Consider a sequence of $(X^{n})_{n \in \mathbb N}$ as a sequence of independent continuous-time Markov chains on state space $\{0,1\}$ for every $ n \in \mathbb N$ with $Q$ matrices:
$\begin{pmatrix} -\beta_{n} & \beta_{n} \\ \delta_{n} & -\delta_{n}\end{pmatrix}$
such that $\sum\limits_{n}\frac{\beta_{n}}{\beta_{n}+\delta_{n}}<\infty.$
Now consider the process $\textbf{X}$ where for $ t \geq 0$ we have $\textbf{X}(t):=(X^{n}(t))_{n \in \mathbb N}$
Now consider the the set $S:=\{x\in \{0,1\}^{\mathbb N}: \sum\limits_{j} x_{j} < \infty\}$.
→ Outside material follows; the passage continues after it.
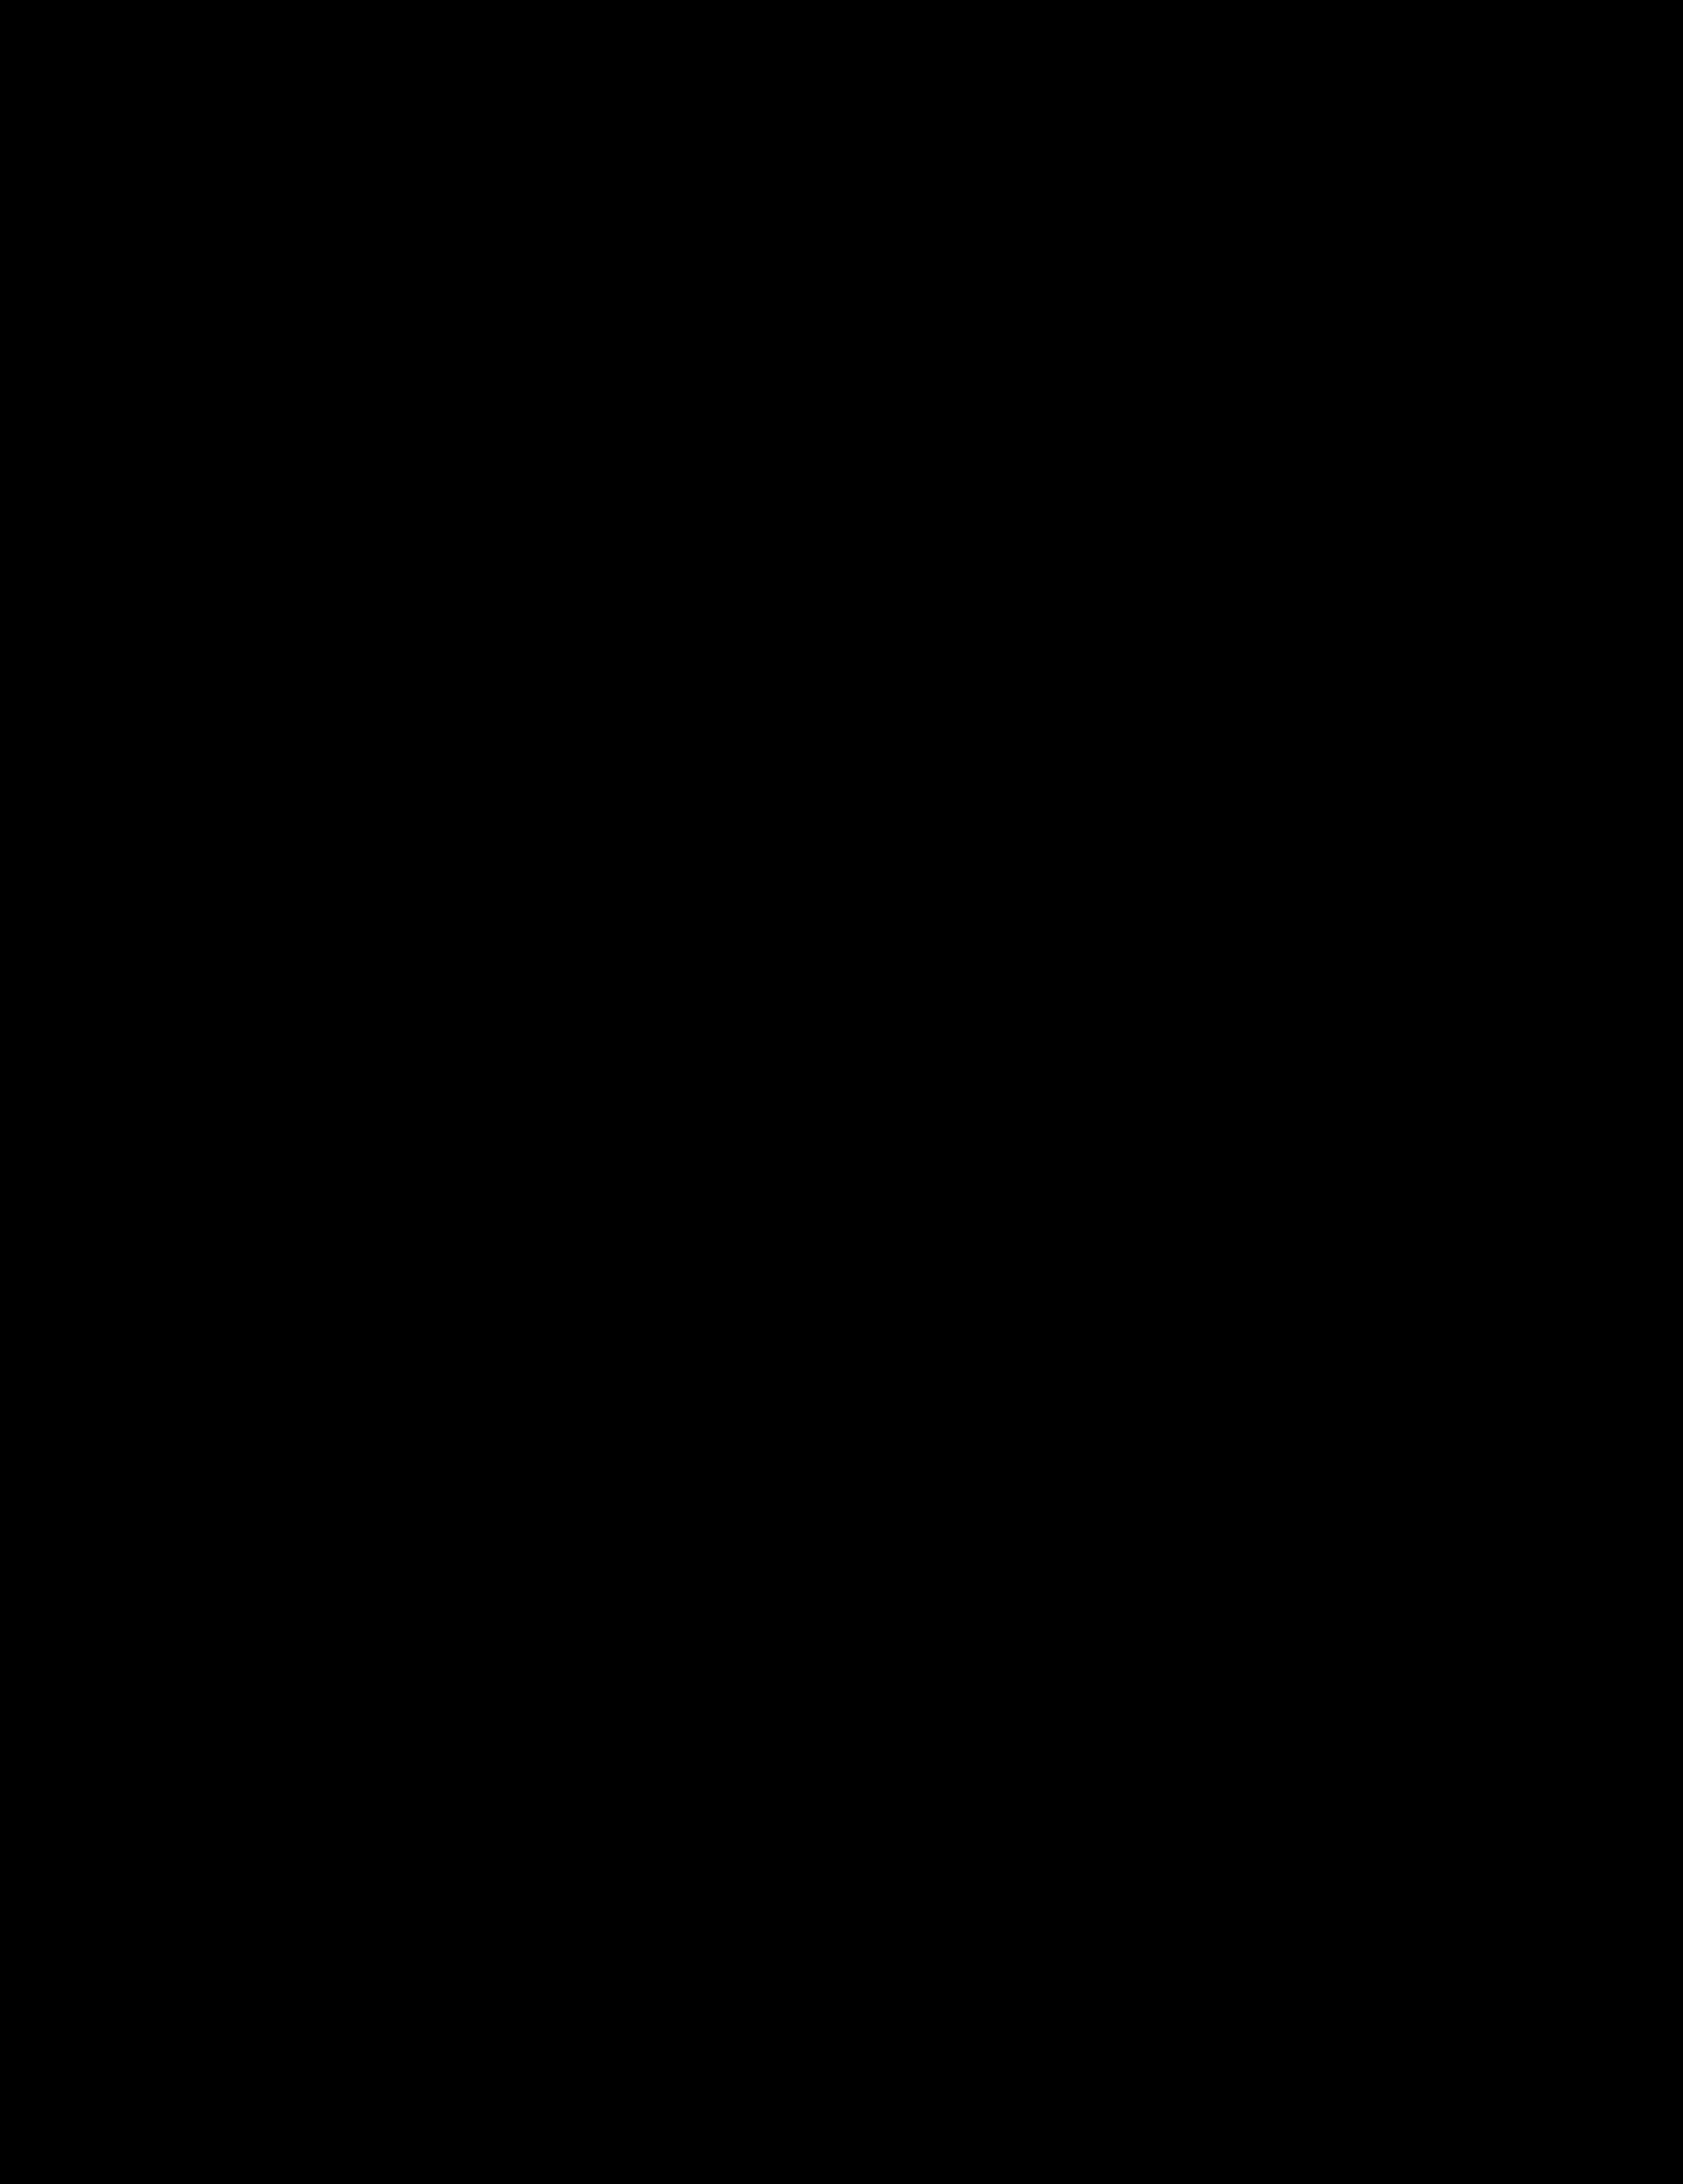 to-texan-logo.png

It is stated that $\mathbb P( \textbf{X}(t) \in S\mid \textbf{X}(0) \in S)=1$ where $(X^n)_{n \in \mathbb N}$ and I am having trouble seeing why this is the case.
Clearly, if $X(0)\in S$, then we know that for $N$ large enough, we have that $X^n(0)=0$ for any $n \geq N$. I need to use the Markov property to show that there exists $M\in \mathbb N$ such that for all $n \geq M: \; X^n(t)=0$.
I assume I have to use the independence of the markov chains in some way. I'm stuck, any ideas?
Given that for all $n>N$ we have $X^n(0)=0$, we can infer that for all $n>N$ and $t>0$, we have $E(X^n(t)) =P(X^n(t)=1) \le \pi_n= \beta_n/(\beta_n+\delta_n)$. Sum this over all $n>N$ and deduce that $$E[\sum_{n=1}^\infty X^n(t) ]\le N+\sum_{n>N} \pi_n < \infty \,.$$